Today, computers are considered to be at their fourth generation. However, since computing power continues to double every 18 months, modern computers are vastly more capable than the first generation computers developed in 1971. Intel’s most recent Core i7-3770 microprocessor, released in April of 2012, has 1.4 billion transistors on a 160 cubic mm die. The processor has 4 processing cores which each run at 3.4 GHz at standard power (8). This is substantially more powerful than the Intel 4004, the first fourth generation processor from Intel, which ran at 740 kHz.
Modern day microprocessors can be found in a range of devices from Android smartphones to gaming consoles and household appliances.
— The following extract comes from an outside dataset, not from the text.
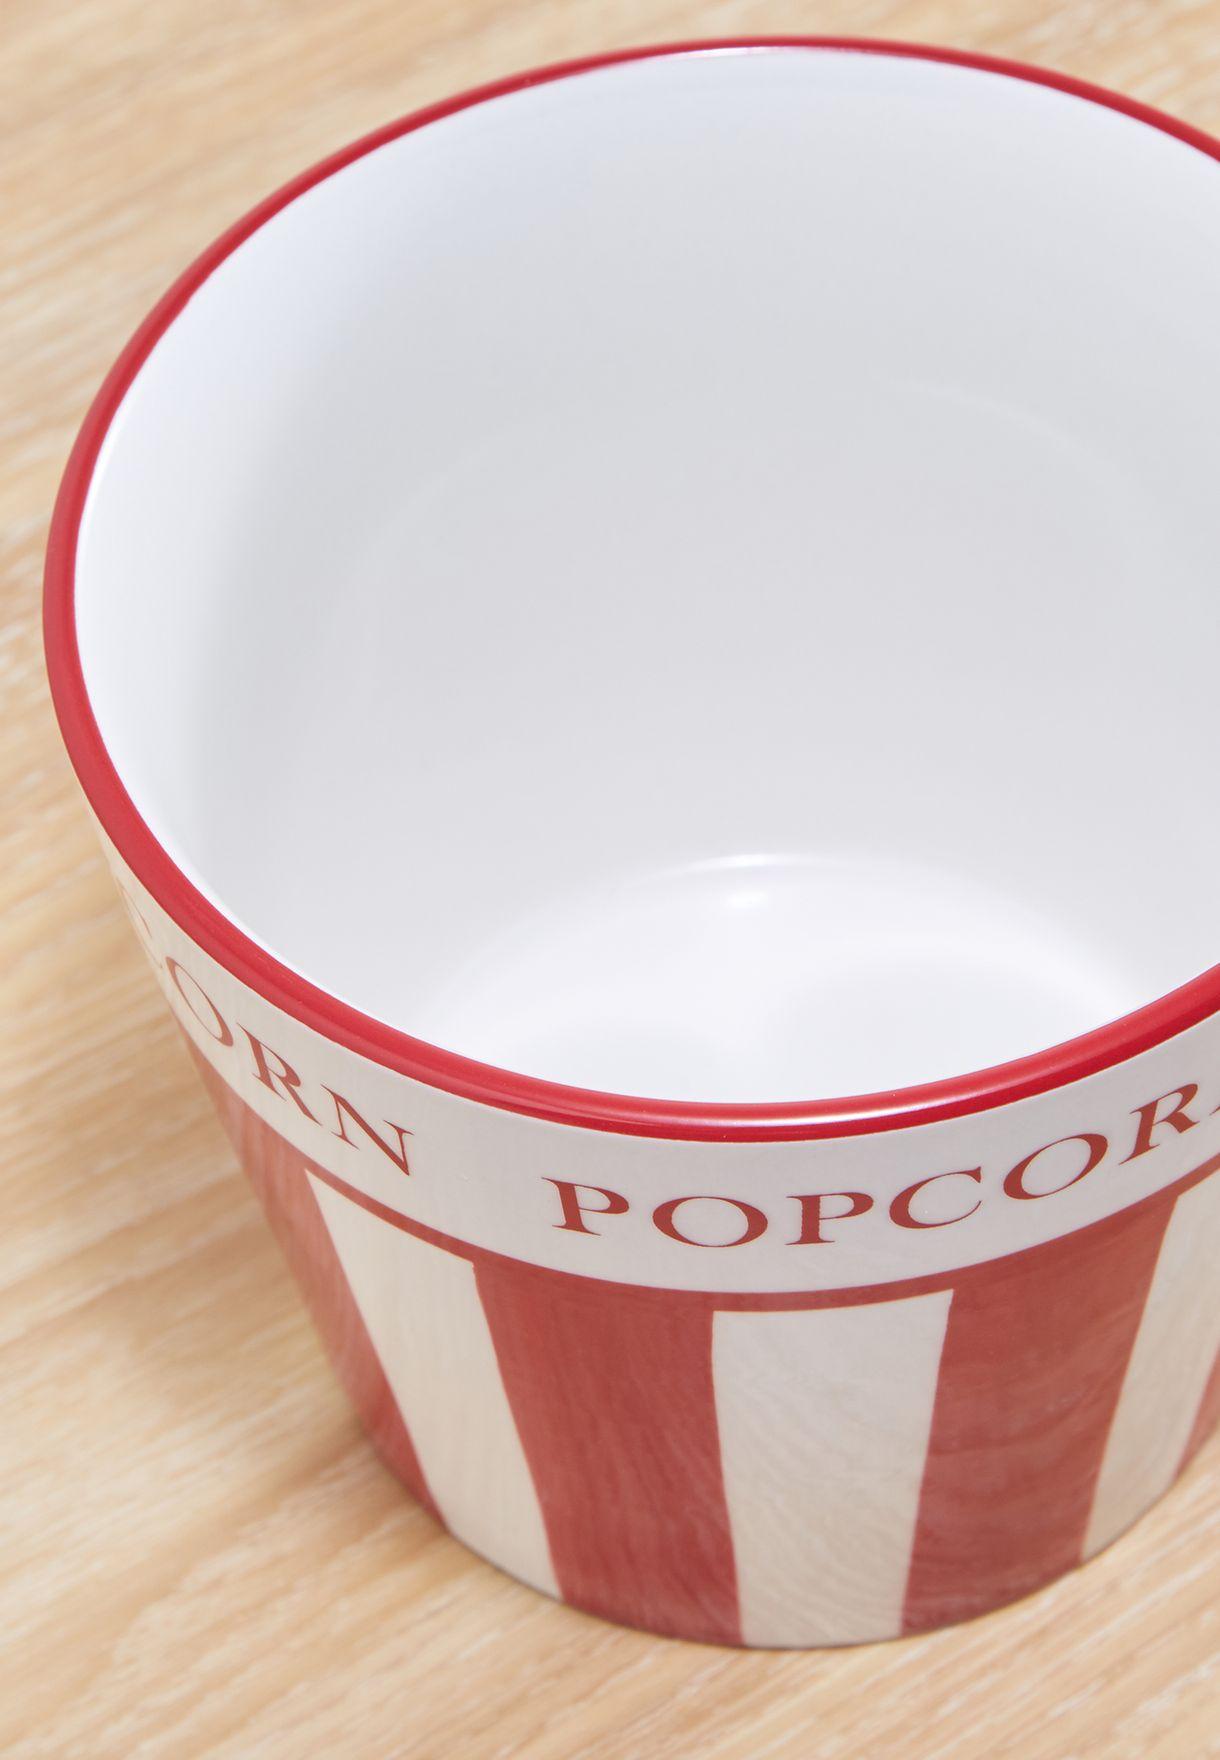 Small Hollywood Popcorn Bowl
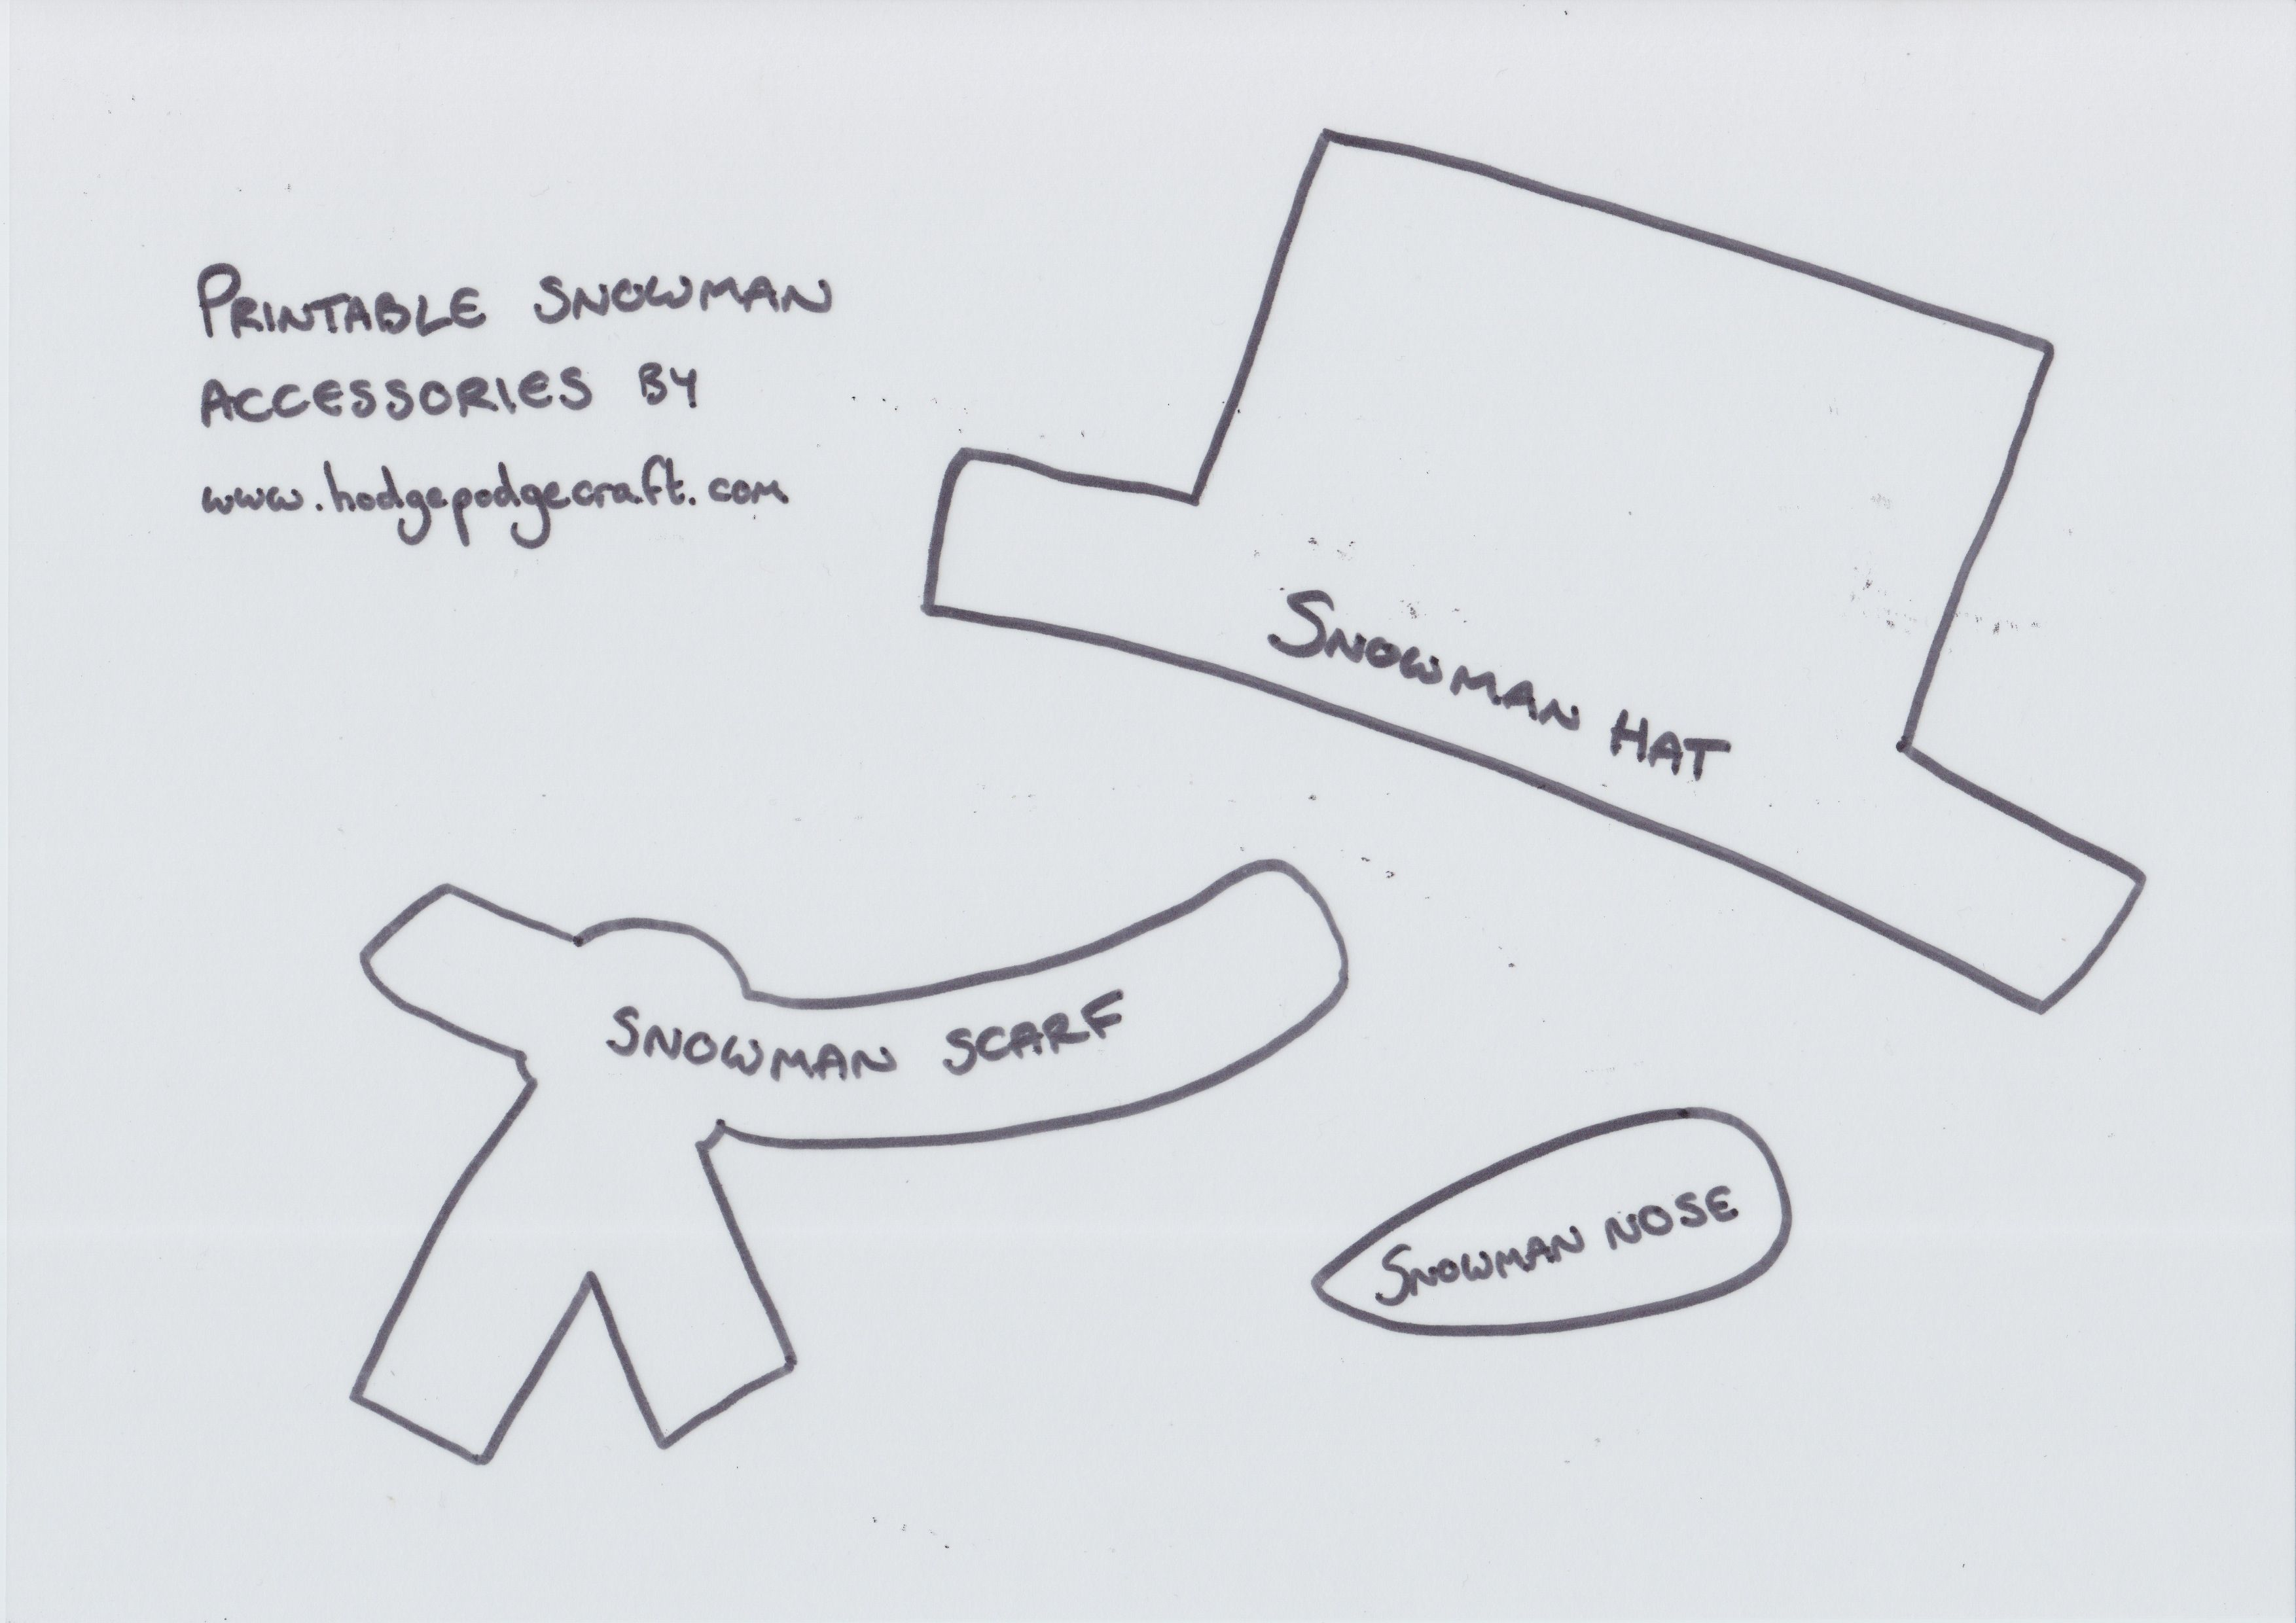 Free Printable Snowman Craft Accessories Template Jpeg 3508 2480

Networks also play an increasingly important role in computing today. As of 2012, roughly 8.7 billion devices were connected to the internet (9). The internet is used to deliver information between computers and therefore increase the amount of information computers can access. In addition to increasing data access, the internet can also be used to increase computing power through the use of cloud computing. Cloud computing is the sharing of hardware and software resources over a network, which increases the capability of computers in the network over individual computers.
Today, many prototypes for fifth generation computers have been developed. The most well-known of these prototypes is Watson, an artificial computer system developed by IBM. Watson, as an artificially intelligent system, is capable of interpreting questions in natural language and producing a response. Watson’s hardware consists of “a cluster of ninety IBM Power 750 servers…with a total of 2880 POWER7 processor cores and 16 Terabytes of RAM. Each Power 750 server uses 3.5 GHz POWER7 eight core processors” (10). In 2011, Watson competed on the TV show Jeopardy against former champions and won the first place prize.
The future of computer development depends on whether the growth rate estimated by Moore’s Law can be maintained in the future. In 2005, Gordon Moore stated that the law “can’t continue forever. The nature of exponentials is that you push them out and eventually disaster happens” (16). The computer industry will be faced with many challenges if it is to maintain the growth standard set by the Moore’s Law.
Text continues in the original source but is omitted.